Federal Bank has integrated its Digital Platforms with the Employees' Provident Fund Organisation (EPFO). With this new facility, Federal Bank customers can conveniently and securely make EPFO payments through the Bank’s Net Banking platform.
The bank already has similar integrations with the Central Board of Direct Taxes (CBDT), Central Board of Indirect Taxes and Customs (CBIC), and Bharat Kosh portal. Now it is also live with EPFO. The Employees' State Insurance Corporation (ESIC) integration is also underway.
The facility was launched at a special ceremony held in New Delhi. Amongst the attendees were Brij Mohan Singh, Regional P.F. Commissioner – I (Banking), Ajay Krishna Paliwal, Regional P.F Commissioner – II (Banking), and Kapil Anand, EPFO official. Federal Bank was represented by Anoop T, Senior Vice President & Country Head of the Government and Institutional Business Department.
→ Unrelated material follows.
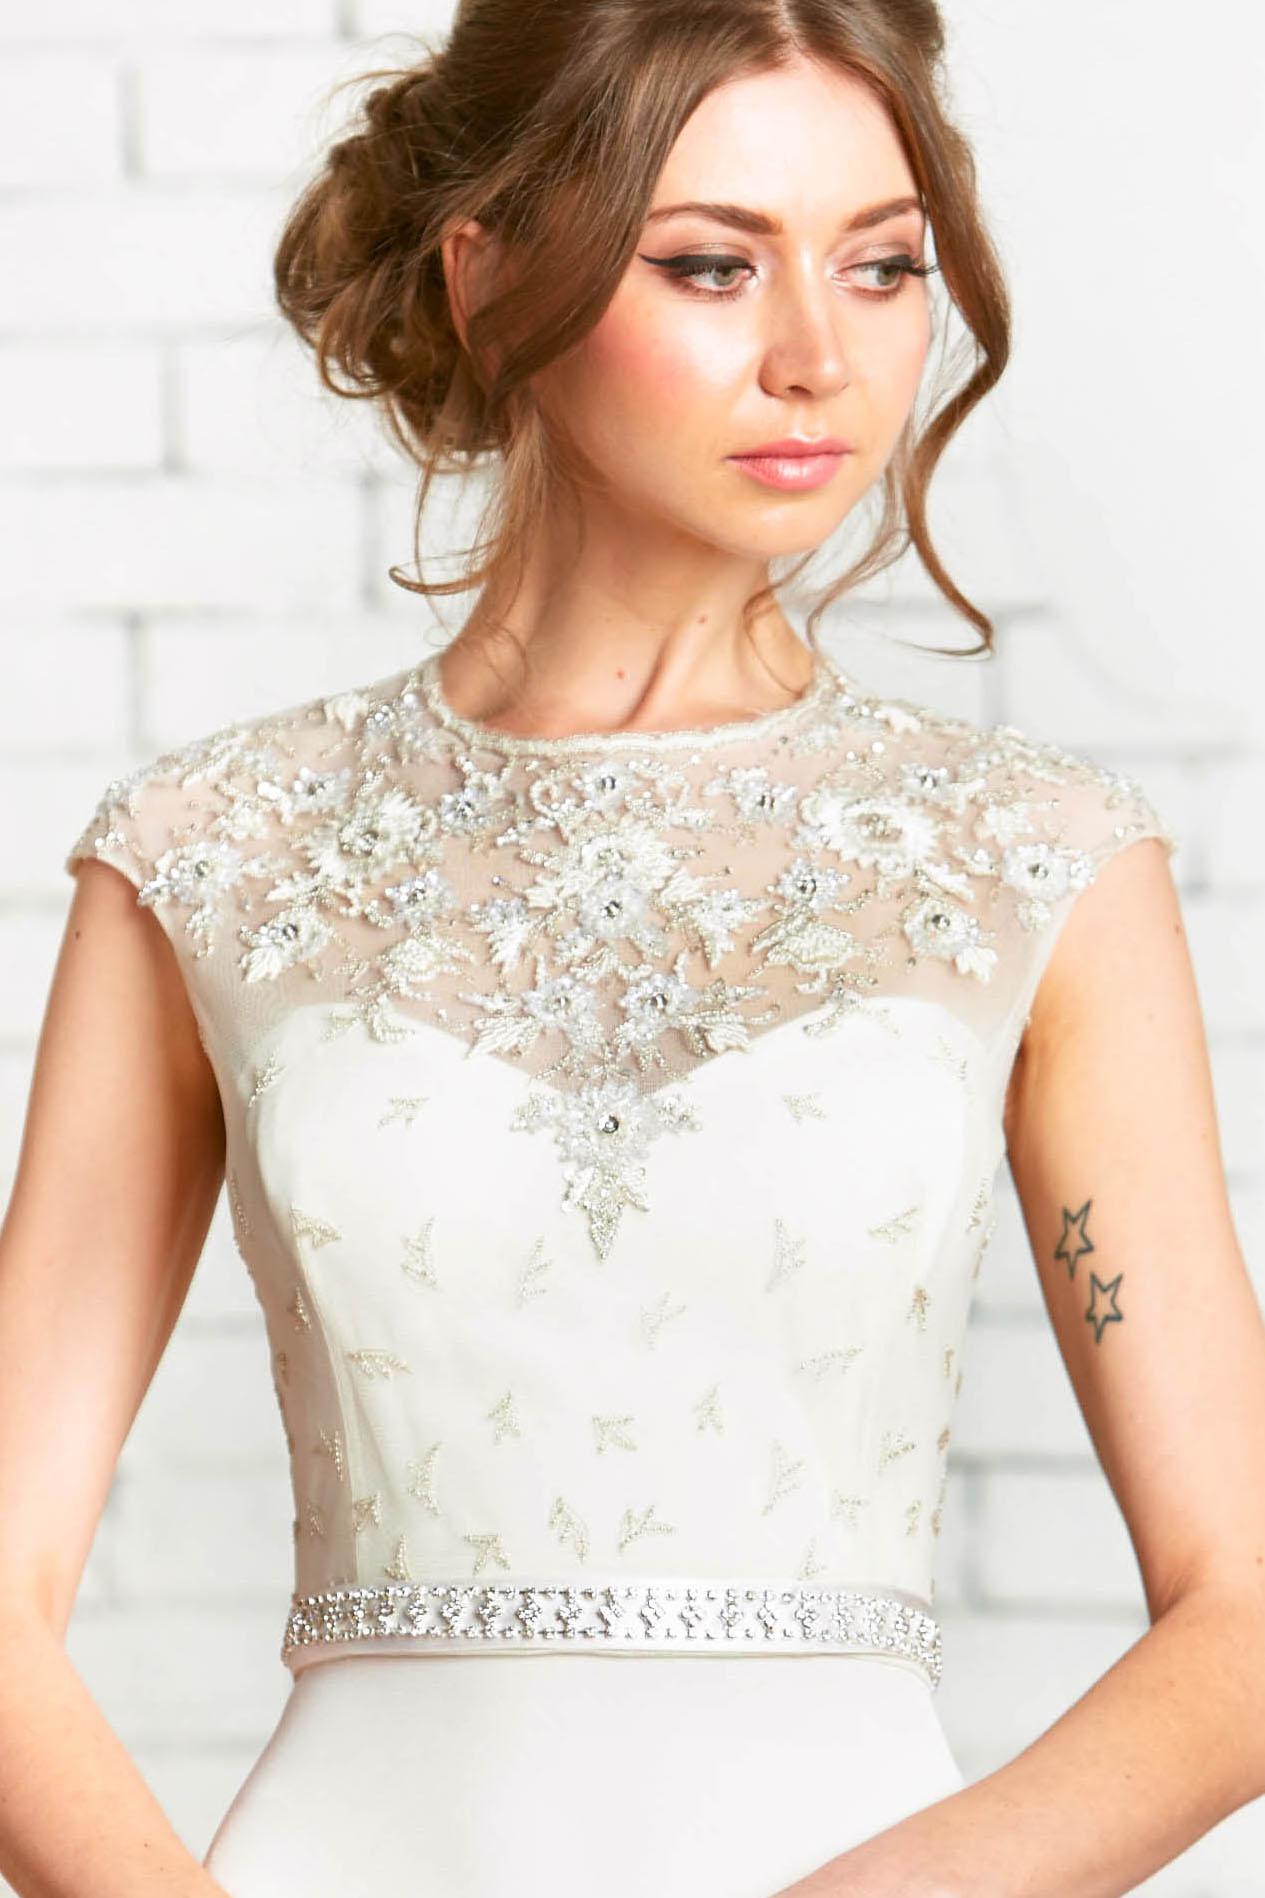 EstelleTop-Beaded_Statement_Wedding_Look_Illusion_Top.jpg

PF Payments via FedOne to be Launched Soon
The payments are currently enabled only for customers other than the enterprise, said Anoop T, speaking exclusively with FE FUTECH, “As of now, for EPFO, we are offering payments only through net banking. There is also an option for FedOne (Federal Bank’s corporate internet banking platform). We are not live on that platform yet, but we will go live by the end of May. Once both these channels are operational, we will be covering almost 100% of our customers.”
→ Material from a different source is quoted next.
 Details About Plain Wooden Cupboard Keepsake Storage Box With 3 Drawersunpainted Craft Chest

With respect to auditability and traceability, “all user logins and logs are stored in our database. Details such as who logged in, from which system, and from which IP address are all maintained as part of our audit trails,” said Anoop.
Tackling Security Risks Around API
Across the financial services industry, API-led integrations have raised concerns around credential misuse. There have been multiple events involving credentials being stolen, unauthorized access, and data leakage risks. So, Federal Bank has adhered to the necessary guidelines in this regard. “We follow a very stringent and comprehensive security framework for API governance standards. This includes IP address whitelisting and mutual TLS protocols. These are coupled with API credentials such as user IDs, passwords, client IDs, and client secrets. In addition, we follow practices such as rate limiting and velocity checks so that no entity can make an unlimited number of API calls to our systems. These are supported by encryption mechanisms such as TLS protocols.
Apart from this, we actively ensure that periodic VAPTs (Vulnerability Assessment and Penetration Tests) are conducted for our middleware and net banking systems. We also manage the complete API lifecycle, including the decommissioning of unused or unwanted APIs. This entire framework is aligned with RBI guidelines.”
As for vendors, there were none involved. The entire integration was done in-house.
"True to our motto, ‘Digital at the Fore, Human at the Core,’ Federal Bank remains steadfast in its commitment to customers by introducing convenient, need-of-the-hour facilities. These initiatives not only enhance customer experience but also enable seamless engagement with government establishments, thereby supporting the government’s collection mechanism," said Harsh Dugar, Executive Director of Federal Bank.